Revisiting the age old topic: development of hockey in the UK


…..or not. The powers that be of the Elite Ice Hockey League came out of a meeting that will input some rule changes starting in the upcoming season. In a nut shell, here they are:

“As from the upcoming season (2014-15), the number of non British-trained players will rise from 11 to 12, but the amount of work-permit players will remain at 11.

The number of non British-trained players will rise to 13 in season 2015-16 and 14 in season 2016-17, with the amount of work-permit players again remaining at 11.

Elite League chairman, Tony Smith, said: “The league agreed that there is a shortage of top-level British players, which keeps the Elite League from being outstanding across the 10 teams.With the demand of the indigenous British player higher than ever in all leagues, and with the potential for EU/dual-national players to develop into national-team players, it was felt this gradual increase would be beneficial to all.”

Oh boy.

There’s two sides to every story and every decision. Let’s try and decipher the other side of the coin before I go into what we already know.

Hockey when you strip off everything until its very first layer is a business. First and foremost above anything else it’s a business. Hockey turned professional back in the early 1900s in order to capitalize revenue on a growing spectator sport and to attempt to control the act of paying star players under the table. Two leagues, the Federal Amateur Hockey League and the Canadian Amateur Hockey League amalgamated in 1905 for this very reason. It was the very beginnings of the National Hockey League that we all know and love today. What does this have to do with the EIHL you ask?

(Photo: Scott Wiggins.
(Photo: Scott Wiggins.

Simple. Imported players are more talented than your British ones, it’s no secret. Talent on the ice means people in the seats; people in the seats means money in the pockets. Before you jump on the greedy owners campaign (which you’re right for the most part), more money allows the EIHL to continue on as a league. The EIHL is not near anywhere stable enough to get by on British talent alone no matter how many players you ice. This rule change gives the league a bit of a safety net for the next couple years in order for you to enjoy the game and the league.

I know about the owners and how deep some of their pockets are. I realize some don’t work in the best interests of the players but years from now if the league is still thriving, this rule change will just be a blimp on the radar. Now, there’s a separation between the English teams and the Scottish teams but that’s a whole separate topic altogether that I will visit in the upcoming weeks.

Photo: Richard Crothers
Photo: Richard Crothers

Now, on the flip side, this spells trouble for young Brits wanting to play and excel at our favourite game.
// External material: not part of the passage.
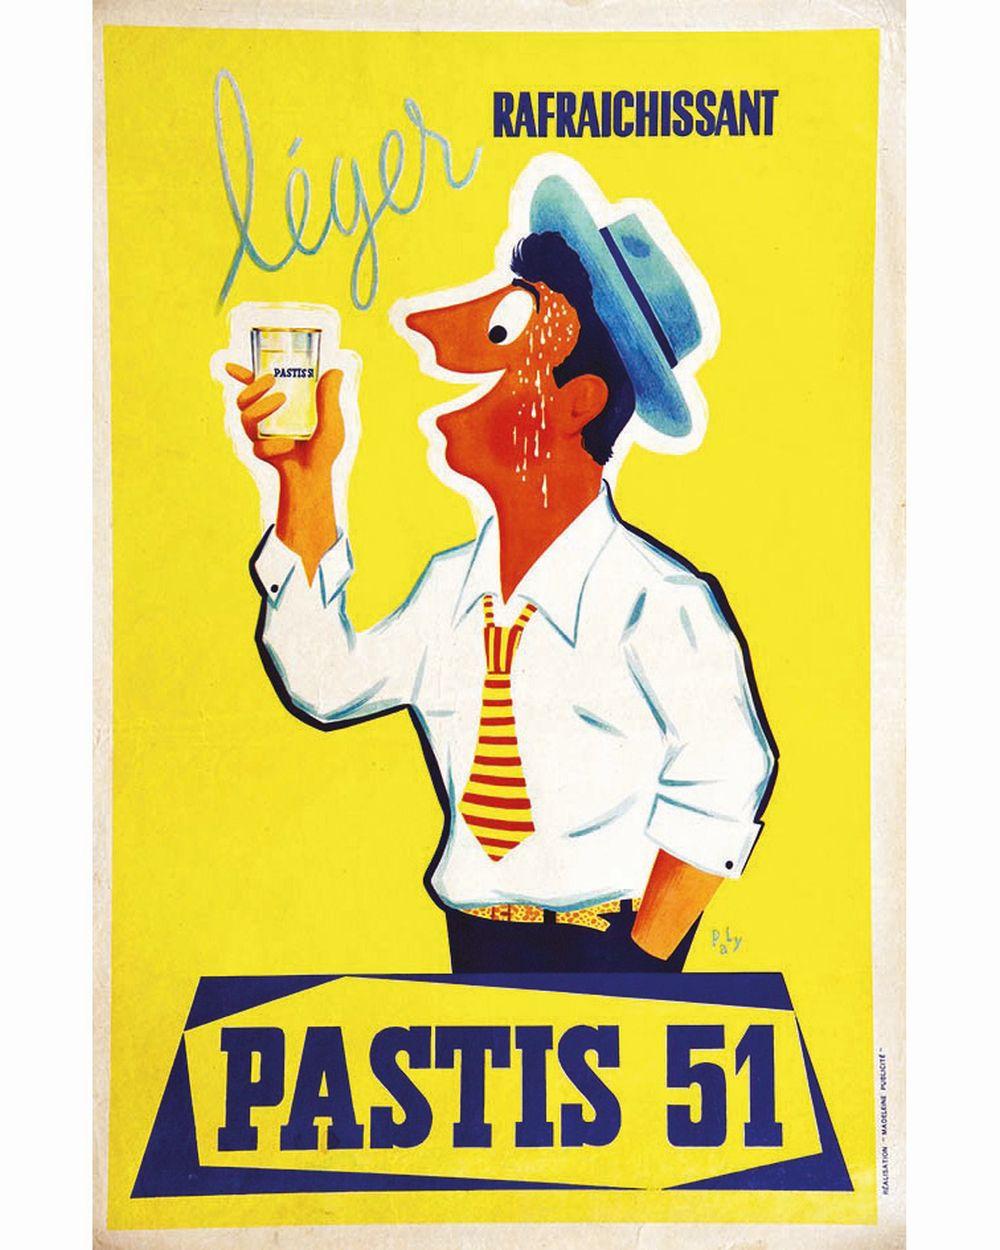 PLAY - Pastis 51 Léger Rafrachissant     vers 1950

We all know the downsides of icing more imported players then Brits, that much is clear. What needs to be implanted in some kind of way (god knows how), is a junior developmental league.

Keep your EIHL as the top national league like it already is. Get the EPIHL to act as a farm team to the Elite league. Lower that import limit a bit and start developing your Brits. Use the NIHL as a feeder system to the EPIHL. The NIHL is mostly all Brits if not all to begin with, it’s absolutely perfect and makes sense to see this tier system in place on paper.
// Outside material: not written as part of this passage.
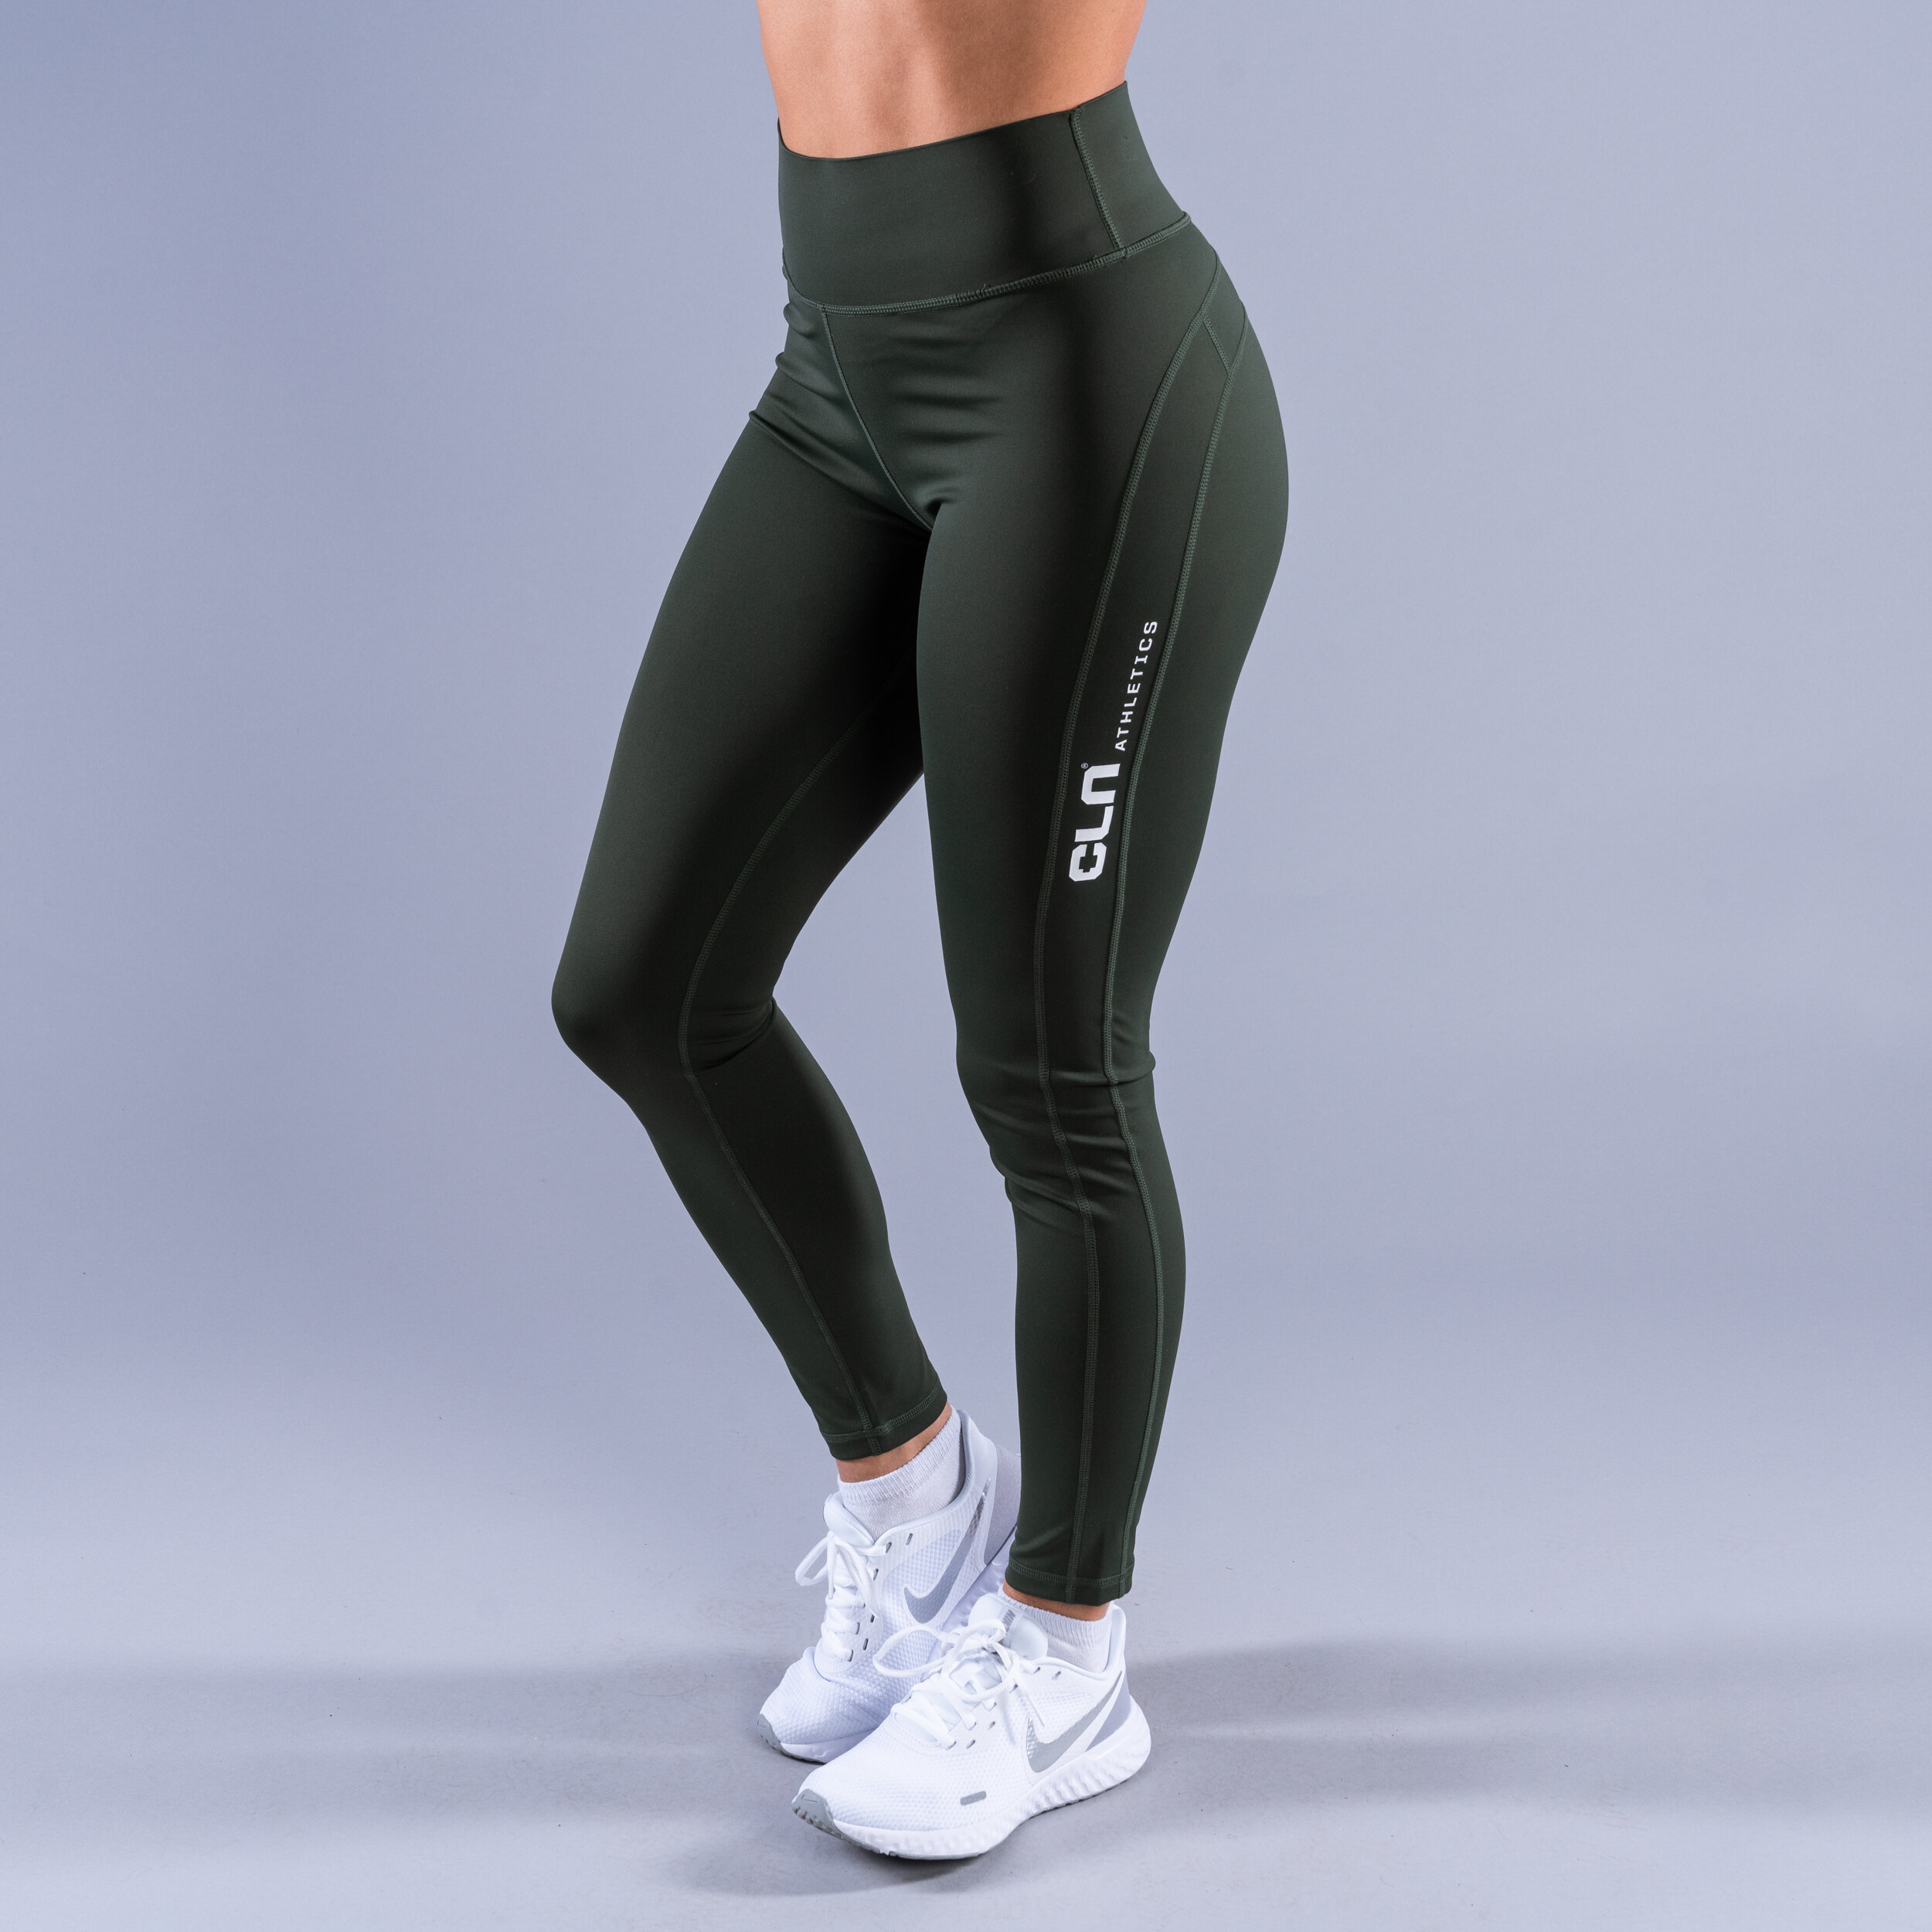 Omni tights - Intense sport bra Package Green

On paper right? Implemented in theory is another story. Here’s where we get into the battle of ice time, less rinks, not enough equipment and well, not enough money. Hockey is just not a big enough sport in the UK to have these things viable. You know how that’s going to change? With more awareness.

How do you get more awareness? More people to get involved in your most watched league, the EIHL. Yes, I know, it’s sad to say but it’s absolutely true. In the long scheme of things this rule change may do a heck of a lot of good for the league. When you actually take the time to step back and look at the wider picture it somehow makes sense.

McPherson v Swindon 180212Now developing your players for the national team can work in the same way. Develop them in the EPIHL. The EPIHL has a huge opportunity here to become a CHL (Canadian Hockey League) if you will and be used as a huge commodity and buffer of young British players. The players are there and the support is on its way, people just need to made more aware of this sport and that’s up to the fans.

The Braehead Clan are doing something similar on their own. They’re creating a farm/junior system  to develop the future British stars of the Clan. Brilliant move and it can’t be applauded enough. If every owner and team did this, I wouldn’t be writing this damn article.

The biggest problem I see with everybody’s comments on social media is that everybody wants Team GB to be superstars and win gold medal RIGHT NOW. Yes, I realize you’re impatient but put on the brakes. Icing a competitive team to win gold doesn’t happen over night.

20 years from now this rule change might be a huge catalyst into how it shapes the culture and future in the sport of hockey in the UK. The sport is at its first major crossroads. However, it might not. Only time can tell that tale.